Thanks for posting TS... good stuff. Time to eat more carbs.


----------



## widehips71 (Mar 10, 2017)

So how much?  Was there a conclusion?  Seemed to go everywhere but to the point


----------



## Gofalcons (Mar 10, 2017)

Hmm.. great info very informative.. nice post Tool


----------



## MrRippedZilla (Mar 10, 2017)

Stopped watching 15 secs in when he said protein synthesis doesn't happen all the time. Yes, actually, it does - its a constant everyday, every minute occurrence.


----------



## BRICKS (Mar 10, 2017)

View attachment 3720


10 char


----------



## ron1204 (Mar 10, 2017)

MrRippedZilla said:


> Stopped watching 15 secs in when he said protein synthesis doesn't happen all the time. Yes, actually, it does - its a constant everyday, every minute occurrence.



So how much protein do we really need? Lol 
My takeaway from the video was that we are overeating way too much on protein and that it's getting converted to either carbs or fat.
That we should focus a lot more on carbs. But again, every specialist has a different opinion.


----------



## DocDePanda187123 (Mar 10, 2017)

ron1204 said:


> So how much protein do we really need? Lol
> My takeaway from the video was that we are overeating way too much on protein and that it's getting converted to either carbs or fat.
> That we should focus a lot more on carbs. But again, every specialist has a different opinion.
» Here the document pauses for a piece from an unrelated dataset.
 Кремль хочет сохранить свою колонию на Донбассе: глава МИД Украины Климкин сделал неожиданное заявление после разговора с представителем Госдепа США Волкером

There's no chance of protein being converted to fat. The metabolic pathway does exist but it's not going to happen in real life. 

The answer to your question depends on the context but generally 1-1.2g/lb of BW will be plenty


----------



## DieYoungStrong (Mar 10, 2017)

BRICKS said:


> View attachment 3720
> 
> 
> 10 char



#threadover


----------



## MrRippedZilla (Mar 10, 2017)

ron1204 said:


> So how much protein do we really need?



What Doc said - depends on context. 
In general the younger you are, the fatter you are and the more novice a lifter you are, the lower the protein intake necessary to build mass. This is also influenced by energy balance (less protein needed on a surplus) and your training program (the higher the reliance on muscle damage for growth, the higher the protein needs.

These sort of videos concern me because I have already seen plenty of anecdotal evidence suggesting the latest trend is going to be along the lines of "let's see how low we can go with protein and still build mass". Its retarded but then again so are most "trends" with relation to nutrition - people gotta be all cool and go against the grain right?


----------



## Maijah (Mar 10, 2017)

IMO at least 1 gram of protein per lb of body weight. Anything over 2 gram/lb bodyweight is a waste


----------



## ToolSteel (Mar 10, 2017)

MrRippedZilla said:


> Stopped watching 15 secs in when he said protein synthesis doesn't happen all the time. Yes, actually, it does - its a constant everyday, every minute occurrence.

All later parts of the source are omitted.